Third is the ‘Reports.’ By default, I show a line graph if you’re in the player and team reports, and a scatterplot of teams in the multi report. But that’s just one of the visuals you can show. In the upper-right of all these reports you’ll see a button also called ‘Reports’ which I probably should have termed differently, that allows you to visualize the data in all sorts of different ways. For example, you can view a bunch of tables broken out in different ways. Using the multi report example again you can for instance remove the 2025 filter to show all years in NPB history, but then add an ‘active player’ filter from the ‘Types of Player’ section to remove retired players from the data, and then you could select the ‘Player Batting Stats – Cumulative’ report from the dropdown to see all active players’ career stats basically as one line-item each. If you wanted that broken out by year you could use ‘Player Batting Stats – By Year’ and then you’ll see one row for every year for every player. The visual report I like to play with most is probably the ‘Player Scatterplot – By Year’ one as it’ll literally add a dot for every player and you can quickly plot them by things like OPS to see how everyone is performing, and you can color code it by team or their position. So, lots of ways to visualize things.

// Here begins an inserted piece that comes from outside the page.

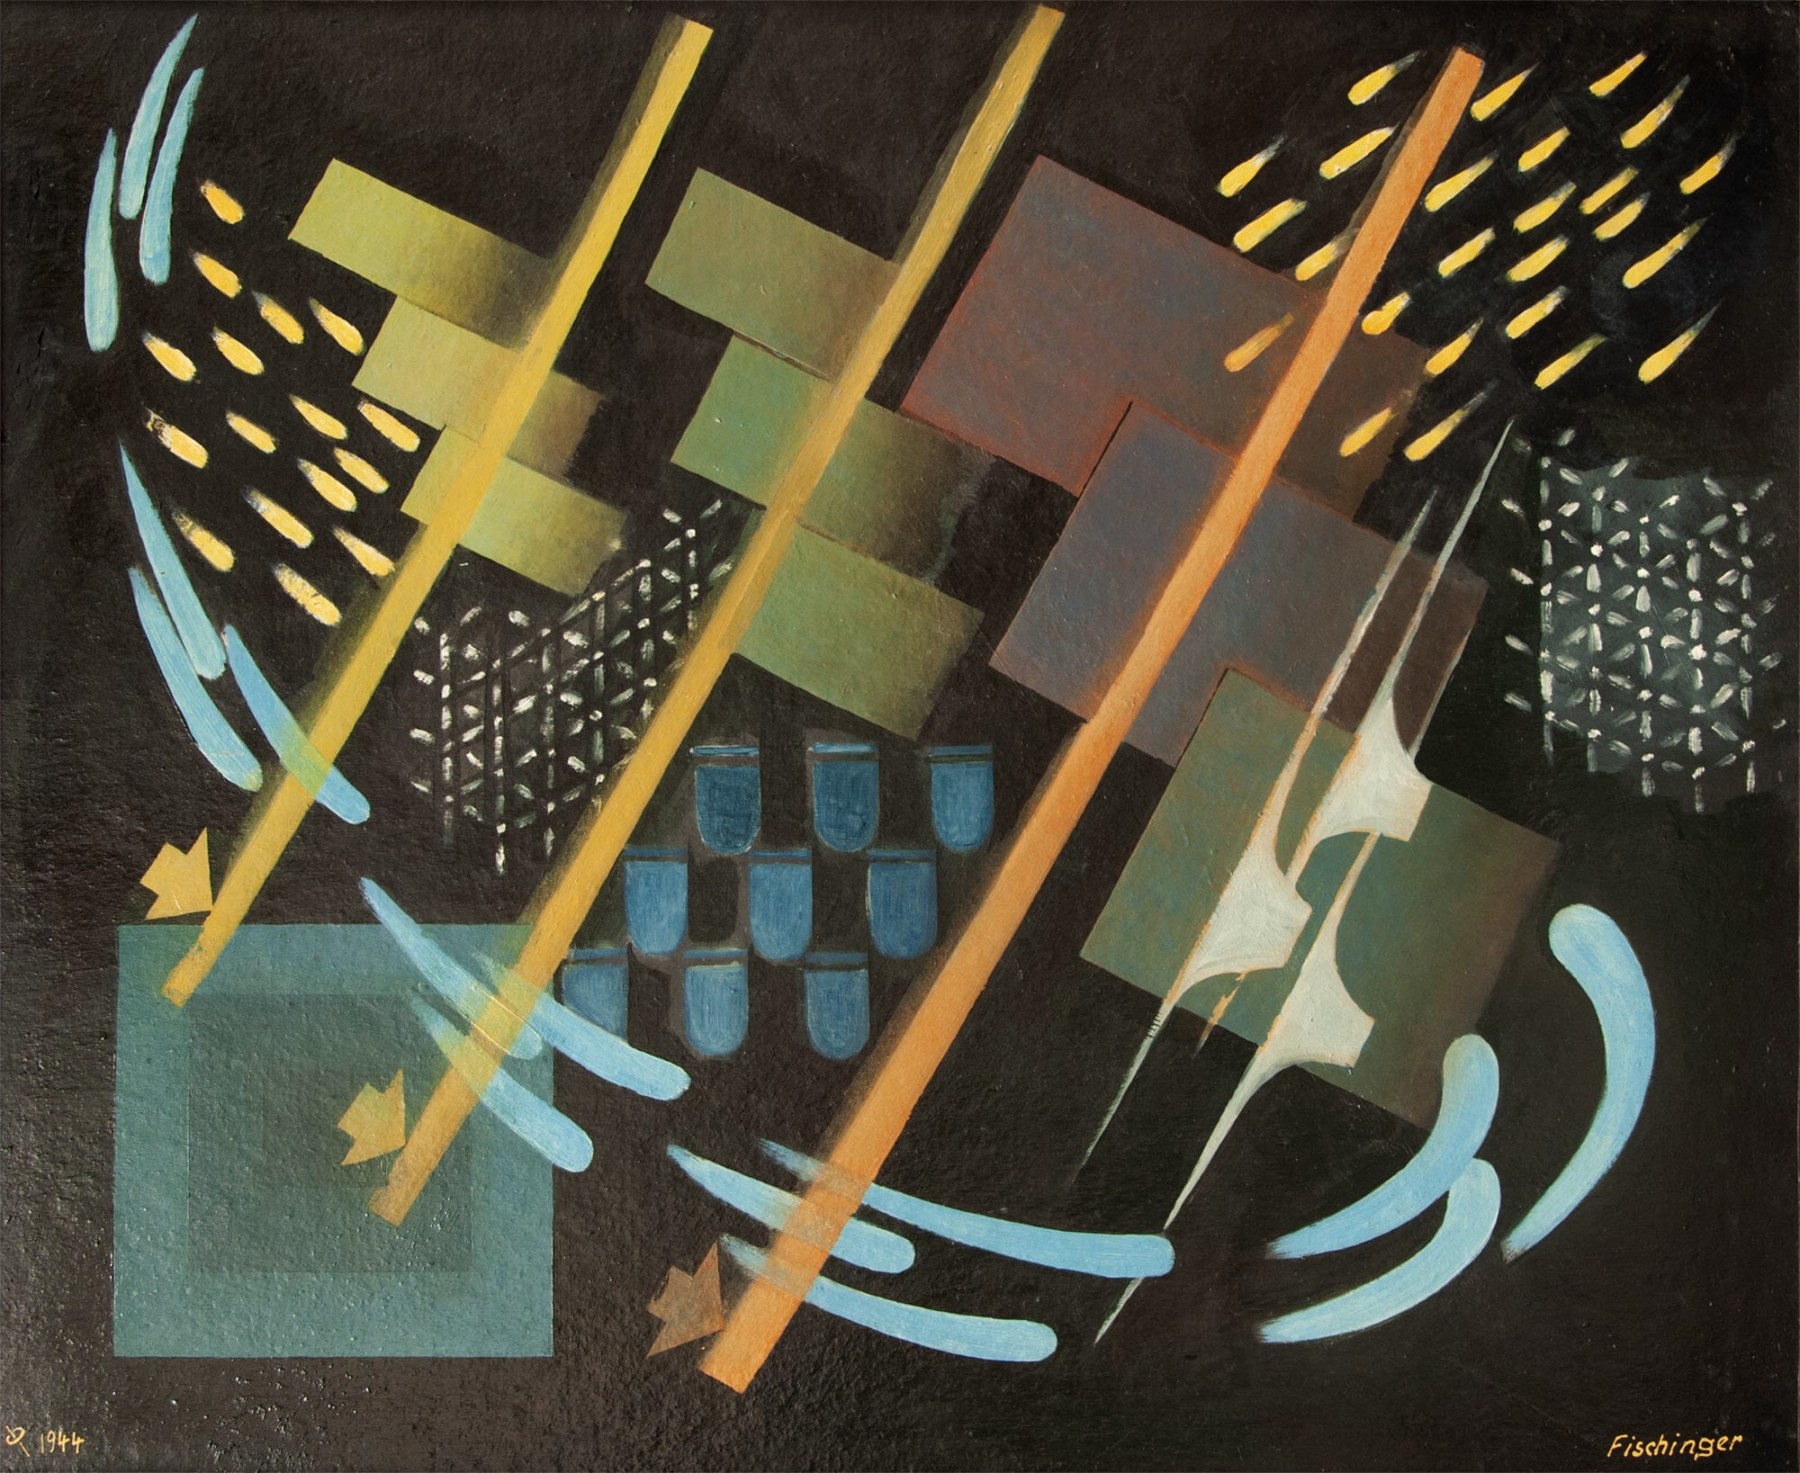 OSKAR FISCHINGER (1900-1967), Composition 44, 1944
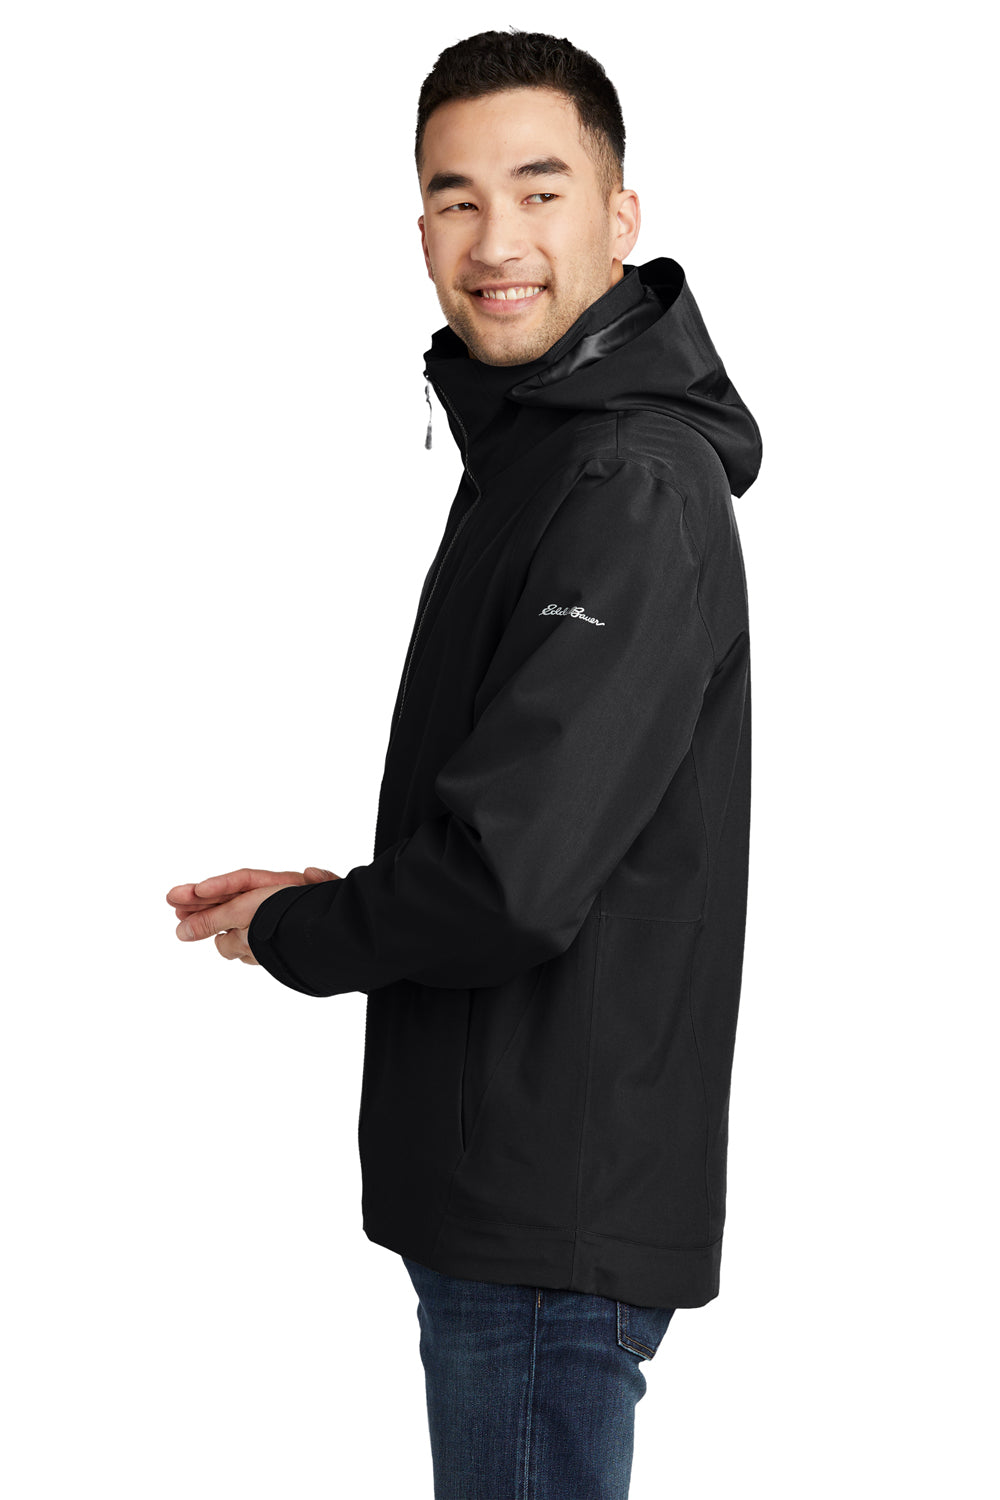 Eddie Bauer EB656 Mens WeatherEdge 3-in-1 Water Resistant Full Zip Hooded Jacket Black/Storm Grey Model Side

Those are the three basic layout features you need to keep in mind. Beyond that the last thing to keep in mind is granularity. I don’t want to go into that too much here as I actually have a page explaining it in context on the site. Very briefly though, season level only lets you break down data by year, game level lets you break down and filter down to individual games, so performance against certain teams, performance by month, performance in a particular prefecture, and so on. And then the plate appearance level lets you filter the data down to in-game events like when runners are in scoring position, or when X batter is up against Y pitcher. There are some unfortunate data limitations at the deeper levels that I’d love to eventually find a source to resolve them and again I go into that on the site, but it allows you to do some very cool comparisons and get really into the weeds if you want.
Q: Any plans to create some videos to show how to use the reports?
A: I really should but I haven’t gotten around to it. I did setup a YouTube profile for the site but haven’t added anything to it. I will someday I promise. On the main page of the site, I do have some pictures showing some quick navigation around some of the reports that hopefully helps, but in general I’ve tried to be consistent in how you are supposed to navigate the reports so that if you learn one you should be able to just apply that same logic to the others. What is filtered is shown at the bottom, how you filter is set at the top, and how you visualize is set at the top right. Just try and keep those three things in mind.
Q: What do you want to tell viewers about your site?
A: Just that it’s a place to go and hopefully have fun and learn something. I do get a decent number of people asking me how to download things and although it’s unfortunately not possible in those interactive reports themselves, I have added to the site downloadable tables and CSVs and the like so you can export the top home run hitters, or all batting stats this year and the like. I’ve heard some interesting and fun reasons why people want the data and I’m just happy that I can provide an easy place to come and get it. I’m open to suggestions and requests so to anyone, feel free to reach out!